I used a machinist's vise and an an arbor press to get the casting kinks out. This was after a simple initial draw filing. I merely removed the casting sprues and any grossly high spots.
You will never get it perfectly flat, but it should be as flat as you can get it within reason. With a straightedge, my plate was within .010" over the entire length, prior to drawfiling.
After the drawfiling, the .010" becomes .005" in a hurry. With the mechanical aspect of this lock, these figures could be tripled, and it would still function perfectly. Heck, the best L&R lock that ever left the factory is out 4 to 5 times this figure!

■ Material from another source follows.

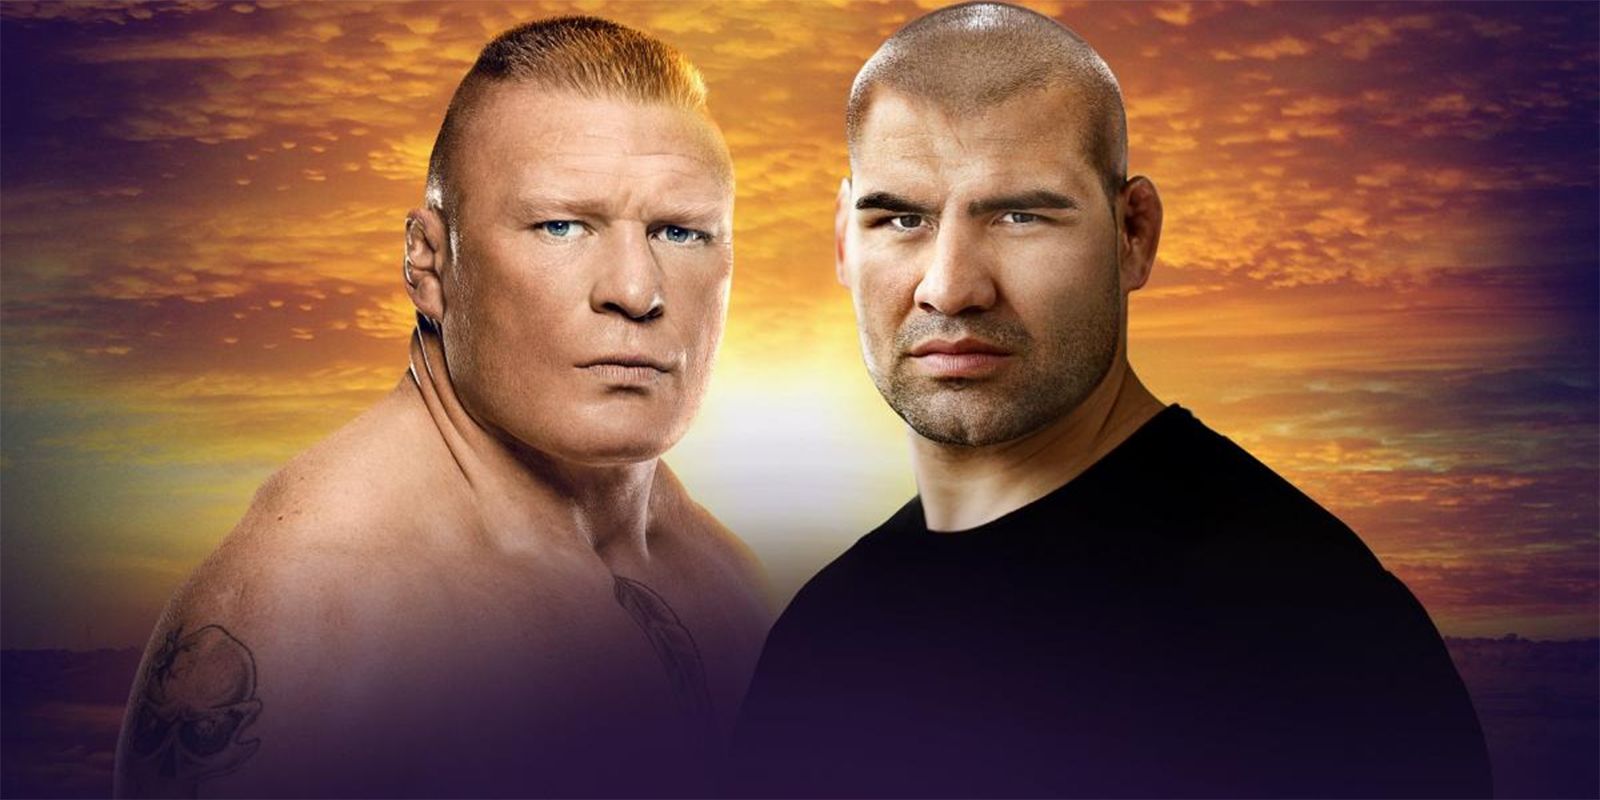 Wwe Crown Jewel Brock Lesnar Taps Out Cain Velasquez In 2 Minutes
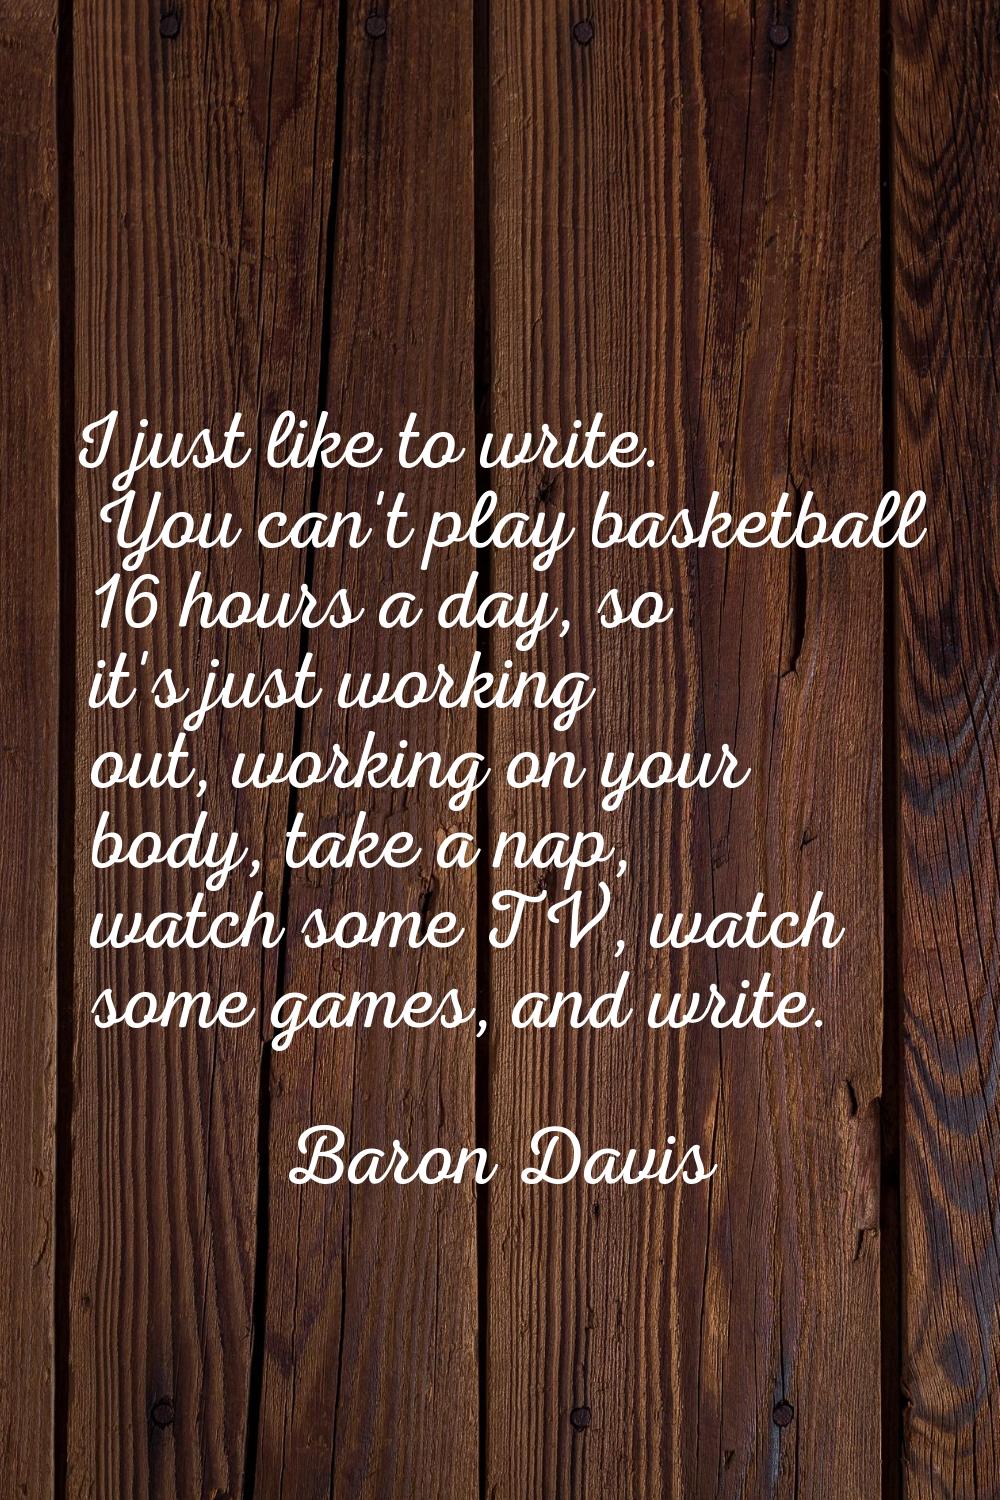 I just like to write. You can't play basketball 16 hours a day, so it's just working out, working o

The backside however, has raised allocations for the primary and secondary sear, and the right angle shelf that the pan cover slides on, so a complete drawfiling is impossible. I did drawfile, but just enough to get a predictable flat surface. The indentations to indicate component location are plenty deep, and quite impossible to "erase".
So far so good.
I am now squaring up the remaining parts, but only enough to get the surfaces for critical interface squared away. For instance, the sliding pan cover is only cleaned up on the underside, and not to length, because the pan needs to be "sealed". I left the cover oversize to allow a great fit after the pan is installed. You have to resist the urge to get carried away.
Once again, this set from TRS is top notch. The **** pivot shaft is only "out of round" .001", and unlike the matchlock set, the shaft protrudes exactly 90 degrees from the backside of the ****.
Everything will go along great until it comes time to make the springs into springs, but that is why we have Roy on the forum.